Stored data:

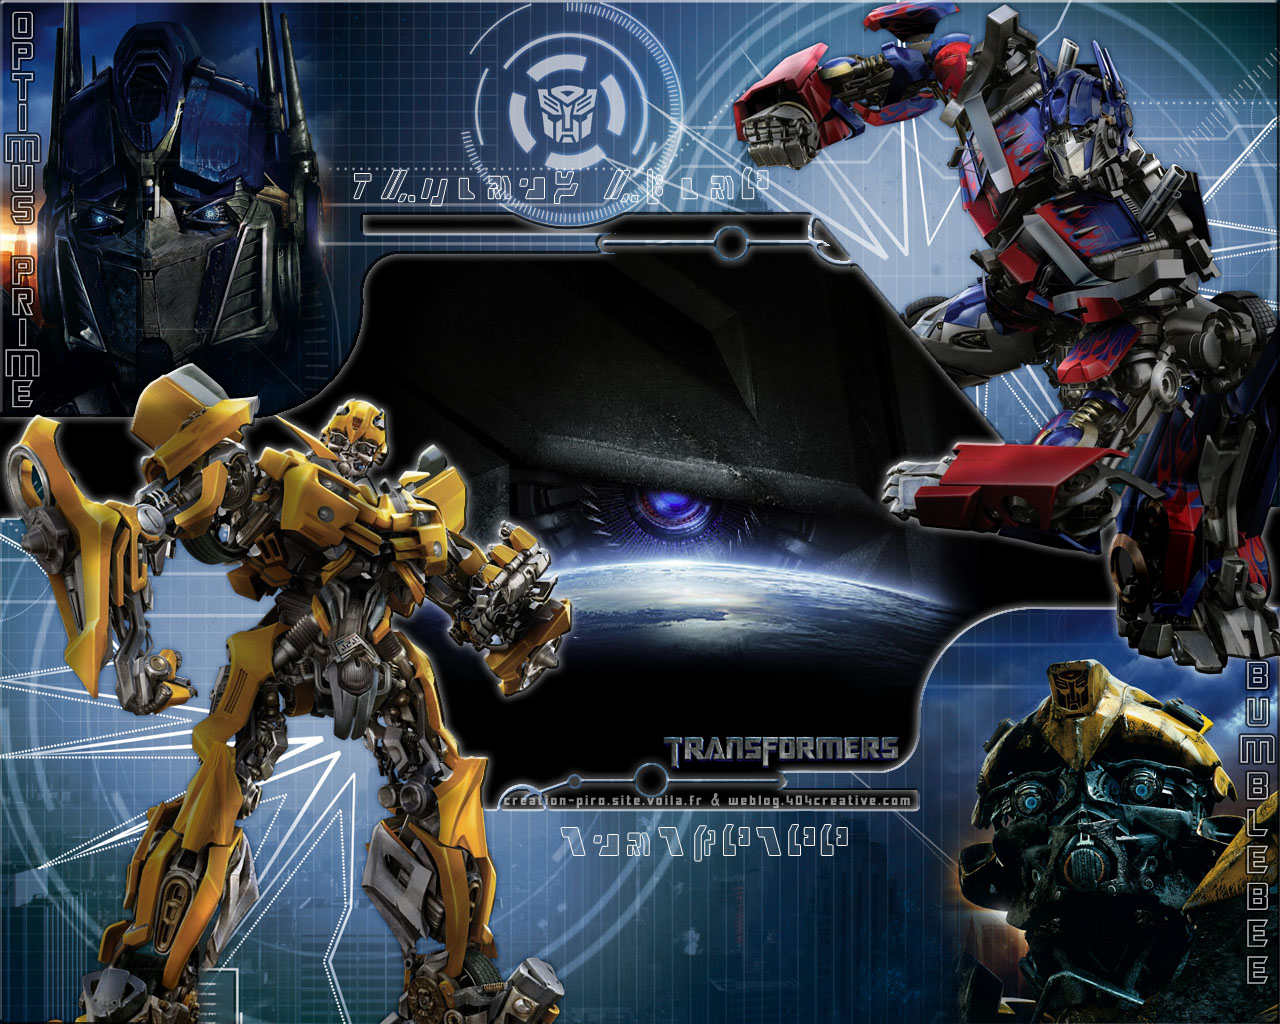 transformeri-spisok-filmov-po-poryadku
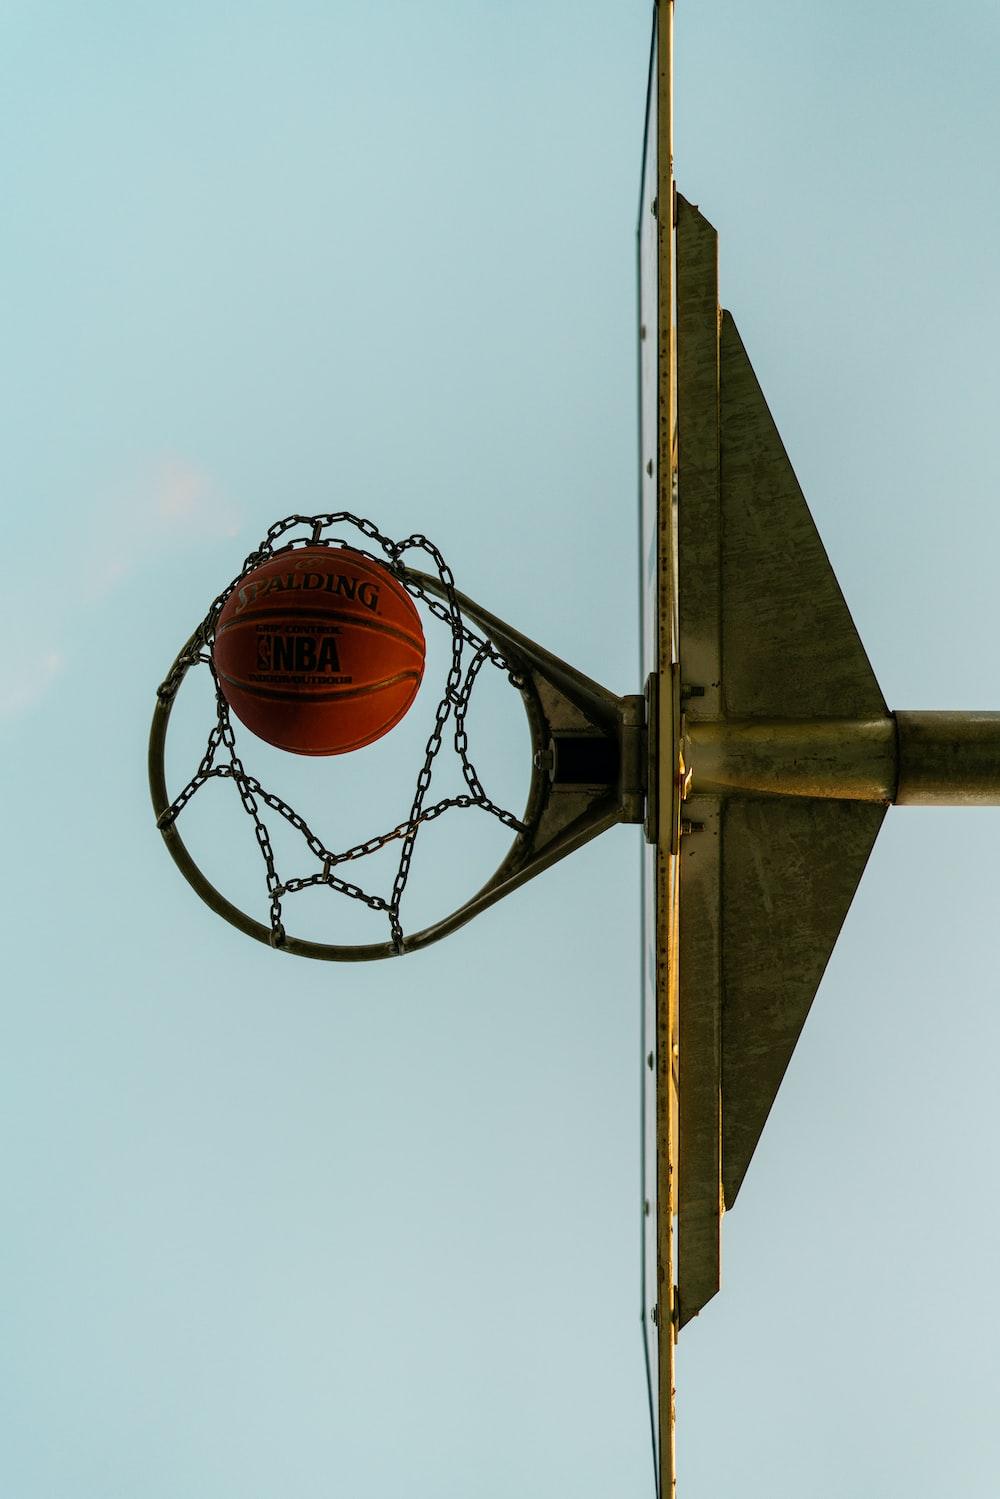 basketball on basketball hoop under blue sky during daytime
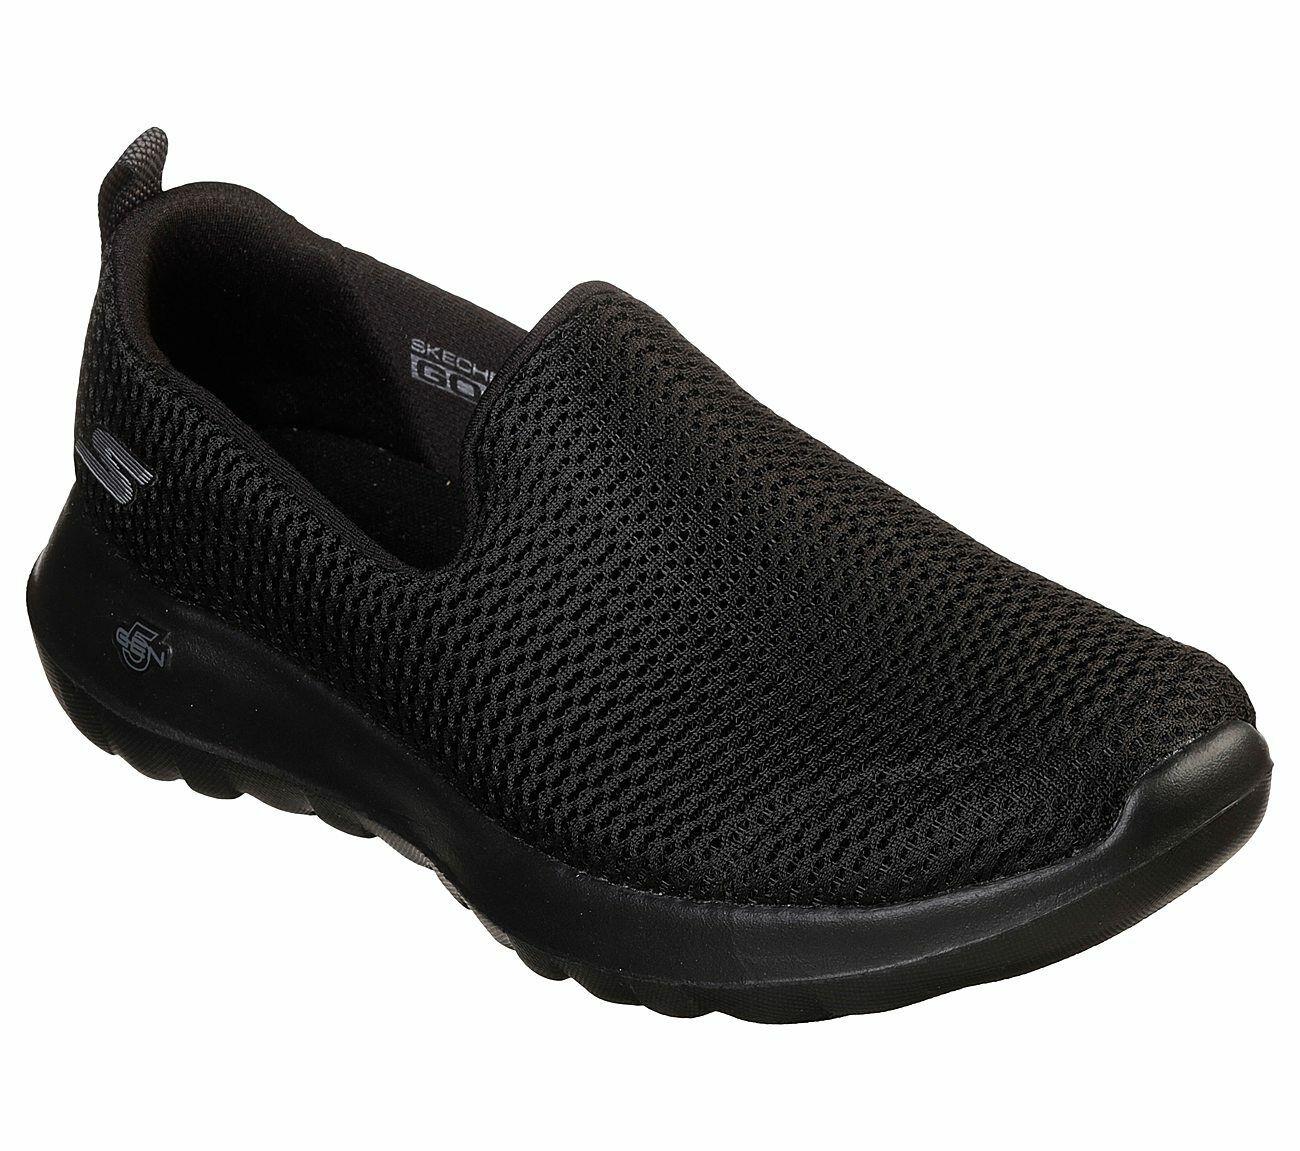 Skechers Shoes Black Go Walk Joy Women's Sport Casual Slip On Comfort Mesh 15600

Requirement: Line by line, output the material above exactly, passing over the pictures.

Exercise result:
 transformeri-spisok-filmov-po-poryadku
 basketball on basketball hoop under blue sky during daytime
 Skechers Shoes Black Go Walk Joy Women's Sport Casual Slip On Comfort Mesh 15600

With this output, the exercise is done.